Problem >>
Where the line containing "And what’s the" appears, start repeating, and continue exactly through the last line below, adding nothing. Include no pictures.

Information provided >>
· · · ·

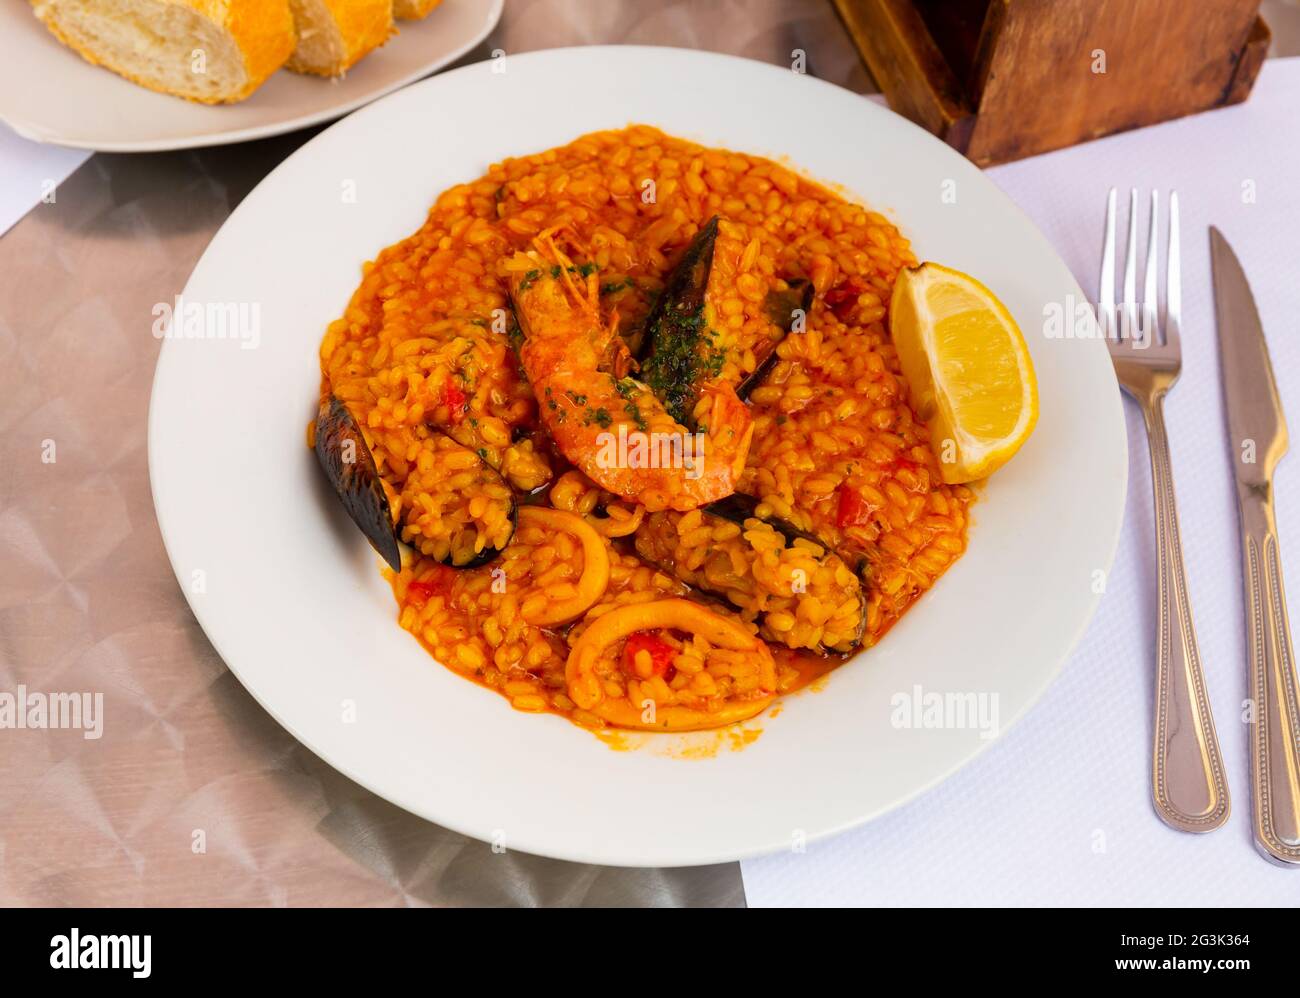 Seafood paella with mussels, calamari rings and prawns Stock Photo
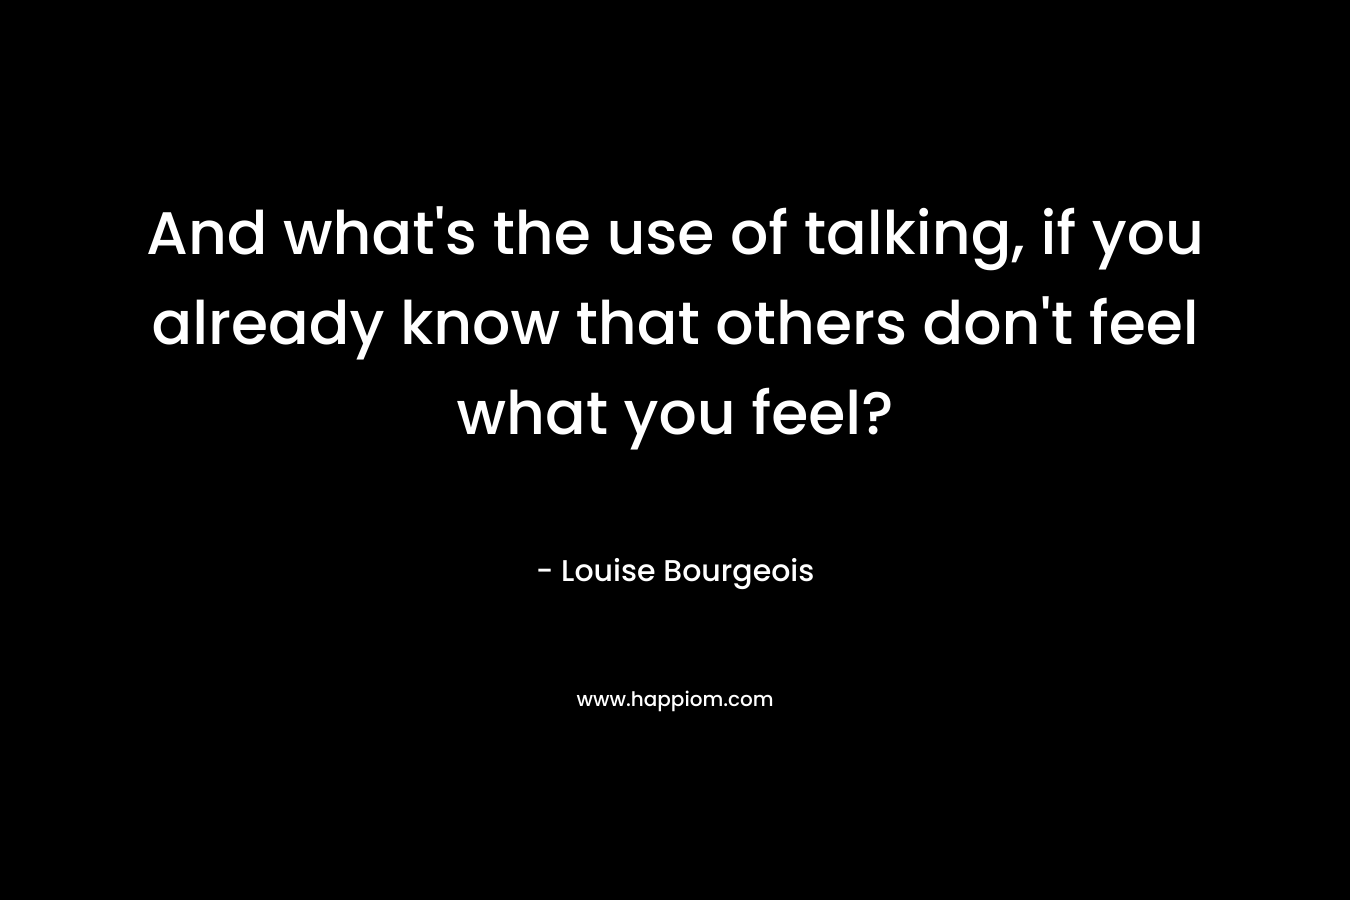 And what’s the use of talking, if you already know that others don’t feel what you feel? – Louise Bourgeois
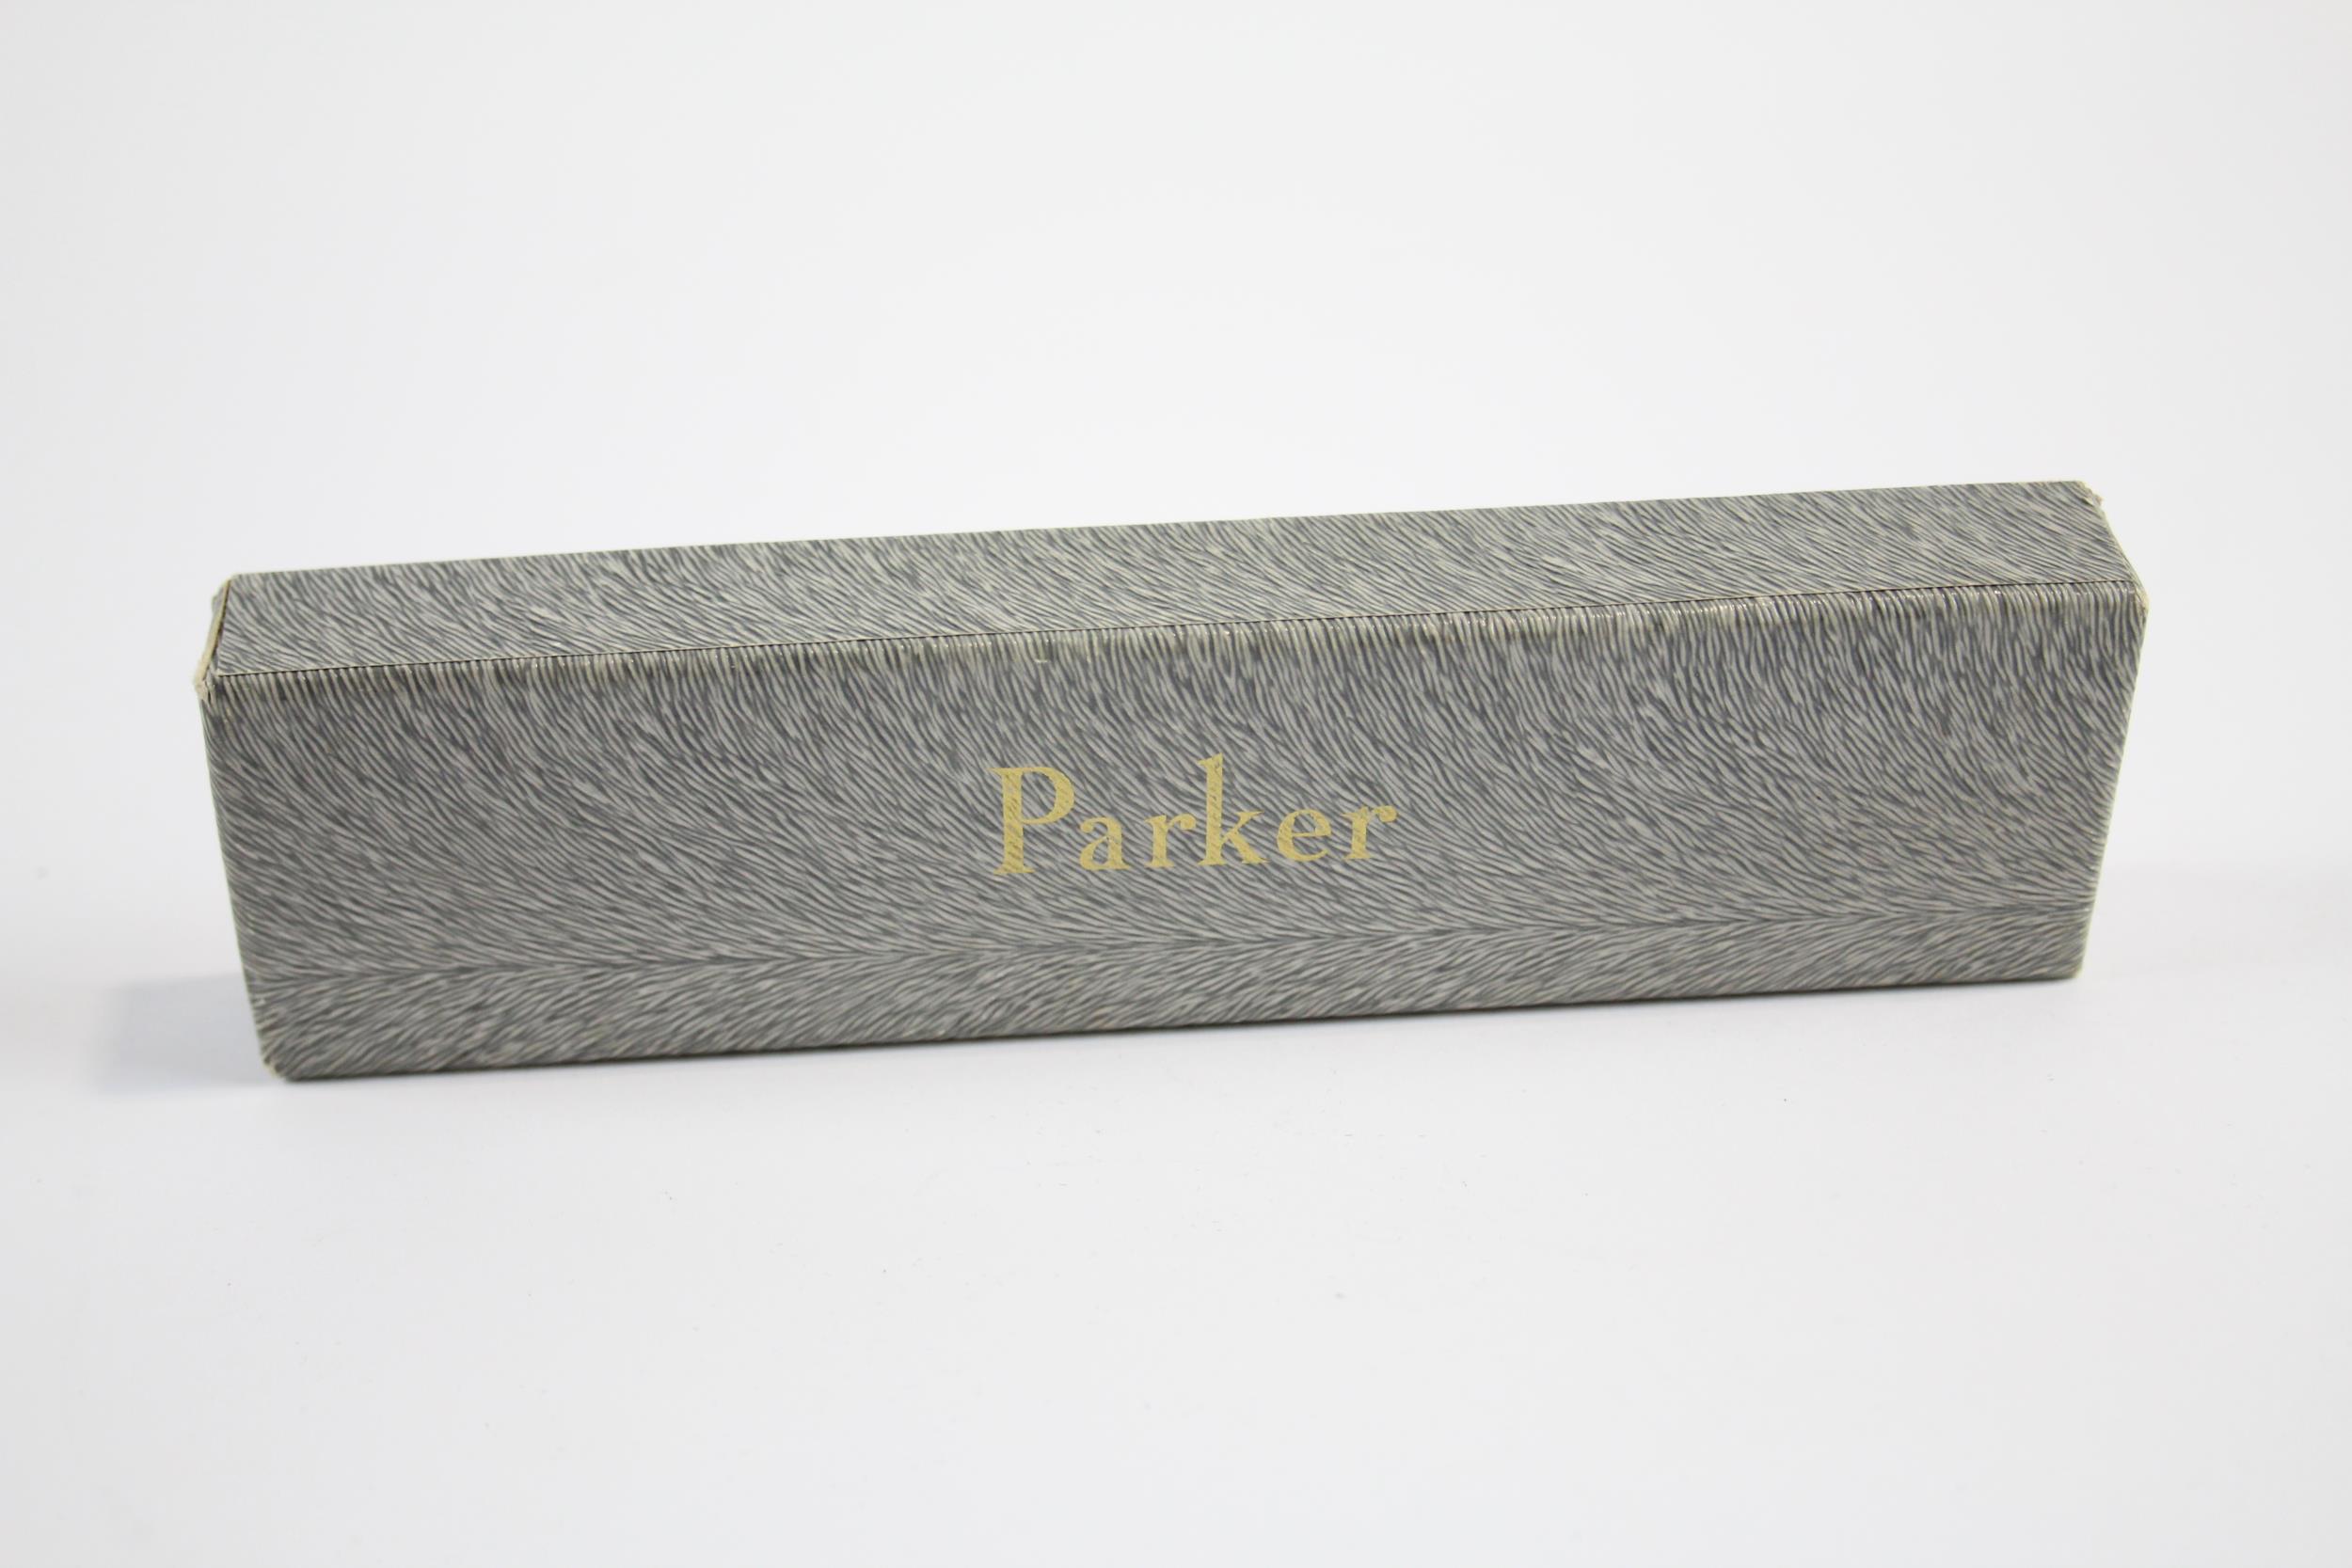 Vintage PARKER 51 Grey FOUNTAIN PEN w/ Rolled Silver Cap WRITING Boxed // Dip Tested & WRITING In - Image 5 of 5

· · · ·

Your solution >>
 And what’s the use of talking, if you already know that others don’t feel what you feel? – Louise Bourgeois
 Vintage PARKER 51 Grey FOUNTAIN PEN w/ Rolled Silver Cap WRITING Boxed // Dip Tested & WRITING In - Image 5 of 5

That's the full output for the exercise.